Who will be number three in Zimbabwe?
While President Robert Mugabe mulls over appointments to his new Cabinet, his attention will also be on the appointment of a second vice-president.
The post became vacant following the death of John Nkomo from cancer in January.
The Mail & Guardian takes a look at the leading contenders for the position, which is usually reserved for officials from the Matabeleland provinces in honour of the Unity Accord signed between Zanu-PF and Zapu in 1987.
Zanu-PF national chairperson and a former Zimbabwe ambassador to South Africa, Khaya-Moyo is the leading contender.
He is the third most senior official after Mugabe and Vice-President Joice Mujuru and is a member of the party’s presidium. He comes from the Matabeleland South province and is credited with turning around Zanu-PF’s fortunes in the Matabeleland region, something for which Mugabe is likely to reward him.
Lending credence to speculation that Khaya-Moyo may be on his way to higher office are indications that Mugabe has backed the appointment of Jacob Mudenda to become the next speaker of Parliament.
Khaya-Moyo held ambitions for the speaker’s post in 2008 but lost to the Movement for Democratic Change’s (MDC) Lovemore Moyo. By not casting his hat into the speaker race now, Zanu-PF insiders say this indicates that Khaya-Moyo has set his sights on the vice-presidency.
Trevor Maisiri, a senior analyst from the International Crisis Group, said Zanu-PF would also want to consolidate its gains made in the two Matabeleland provinces in the elections and would do so by appointing someone from the region.
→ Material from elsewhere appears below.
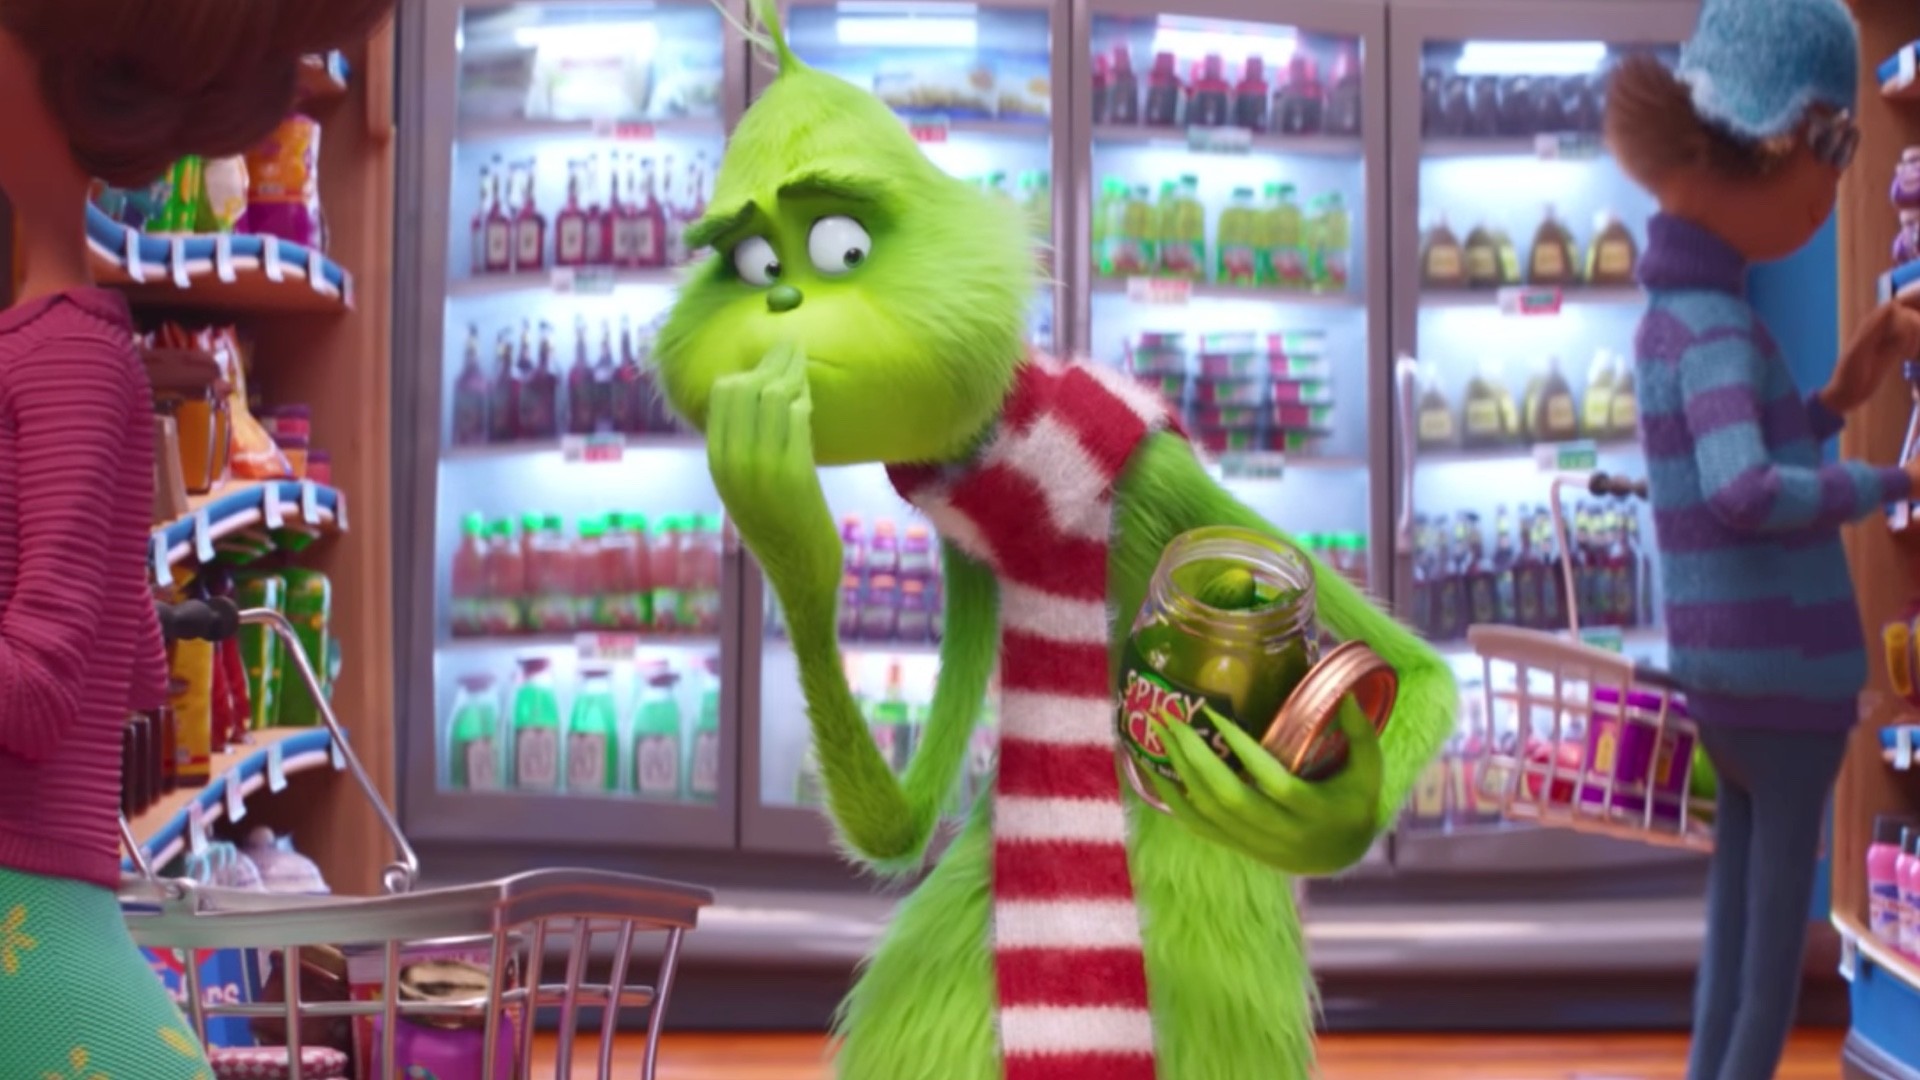 1920x1080 'Dr. Seuss' The Grinch' makes off with $66M at box office. '
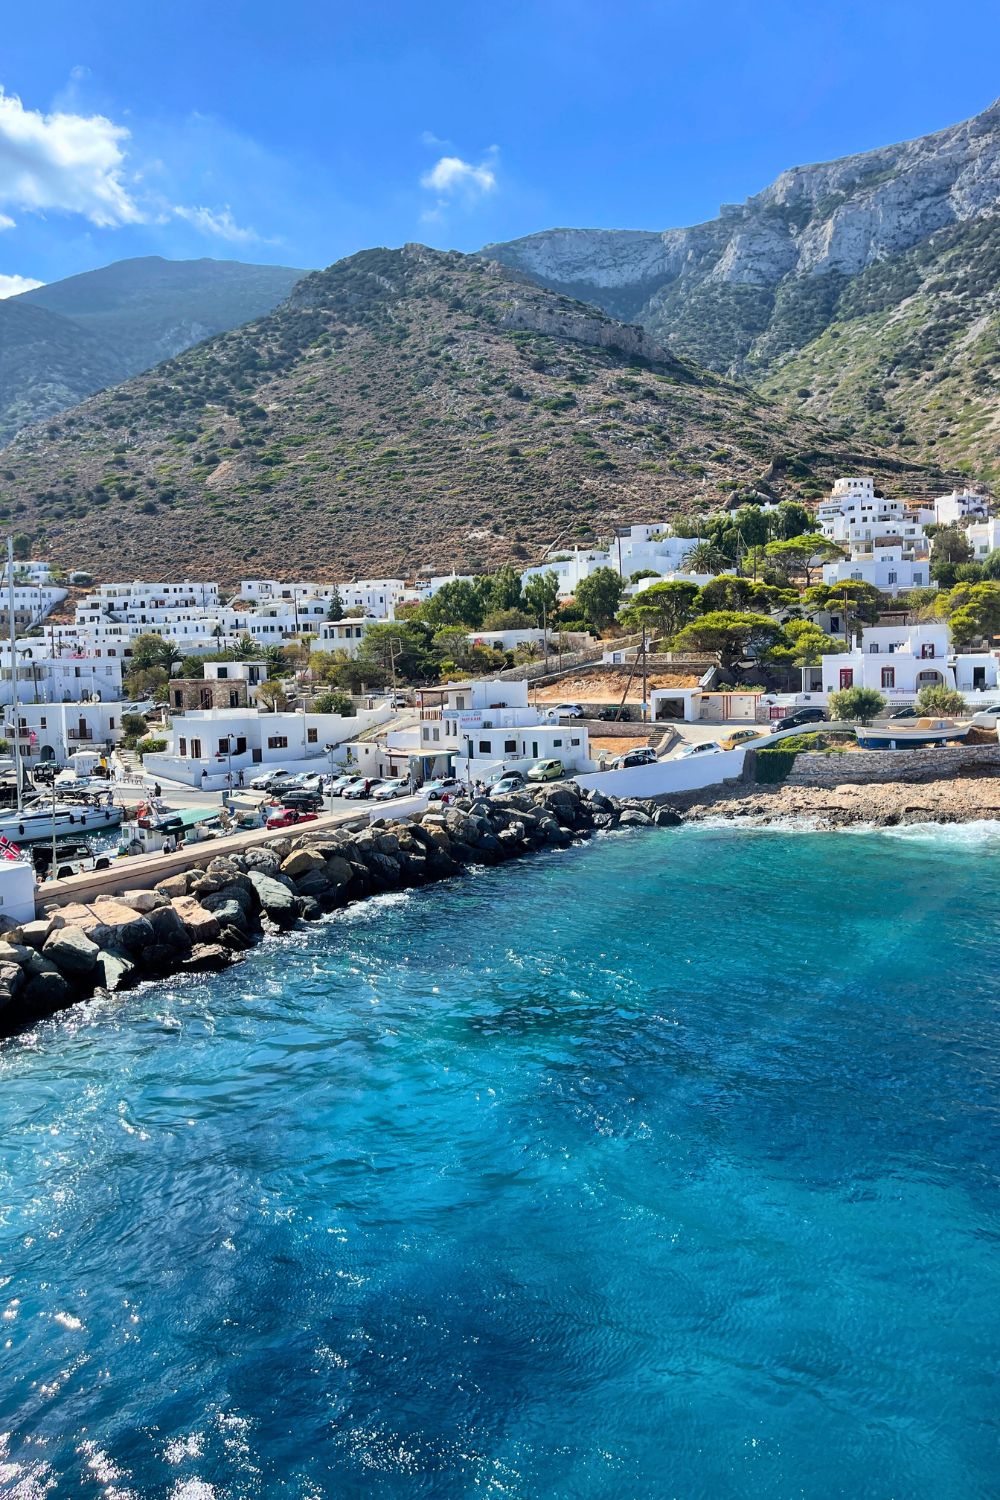 The picturesque harbor of Sifnos, featuring whitewashed buildings against a backdrop of rugged hills, with the crystal-clear waters of the Aegean Sea in the foreground.

“Khaya-Moyo looks the most likely. He holds the most senior post in the party on the side of former Zapu members. The party would also want to consolidate its political grip and even extend it to the remaining domains held by the MDC,” Maisiri said.
If Khaya-Moyo is elevated, it could cause further jostling in the party as Zanu-PF officials line up to take up his post of national chairperson. Didymus Mutasa is seen as a probable replacement.
Mpofu, the outgoing mines and mining development minister, once tried to challenge the late Nkomo for the post of second vice-president. But he withdrew his bid after being told by senior Zanu-PF officials to respect the party hierarchy.
But Mpofu’s wealth has given him great influence in the Matabeleland provinces and he holds significant sway in the party structures. In the past two elections, Mpofu has comfortably retained control of the Umguza-Nyamandlovu constituency.
Mpofu is seen as Khaya-Moyo’s strongest challenger, although he holds a junior rank in Zanu-PF’s chain of command.
Rashweat Mukundu, chairperson of the Zimbabwe Democracy Institute, said Mpofu was far too low down in the pecking order, making his election unlikely. “His influence in the mining sector and control of the Marange diamonds will unfortunately not be enough for him to leapfrog Khaya-Moyo,” Mukundu said.
Although Mnangagwa’s chances of landing the post of vice-presidency would be a breach of party hierarchy, it would be a strong catalyst to position him to succeed Mugabe.
Reports indicate that Mnangagwa, the outgoing defence minister, leads a faction in Zanu-PF that is sparring with another faction led by Mujuru to take over from Mugabe.
In Mnangagwa’s favour is the support lent to him by the military’s top brass, which is suspicious of Mujuru’s moderate policies and open-door policy towards the MDC.
His elevation to vice-president could lead to a bitter face-off between him and Mujuru to gain control of the party.
Analyst Khanyile Mlotshwa said, should Mugabe promote Mnangagwa, he was “not sure if Zanu-PF will be able to survive such a dogfight”.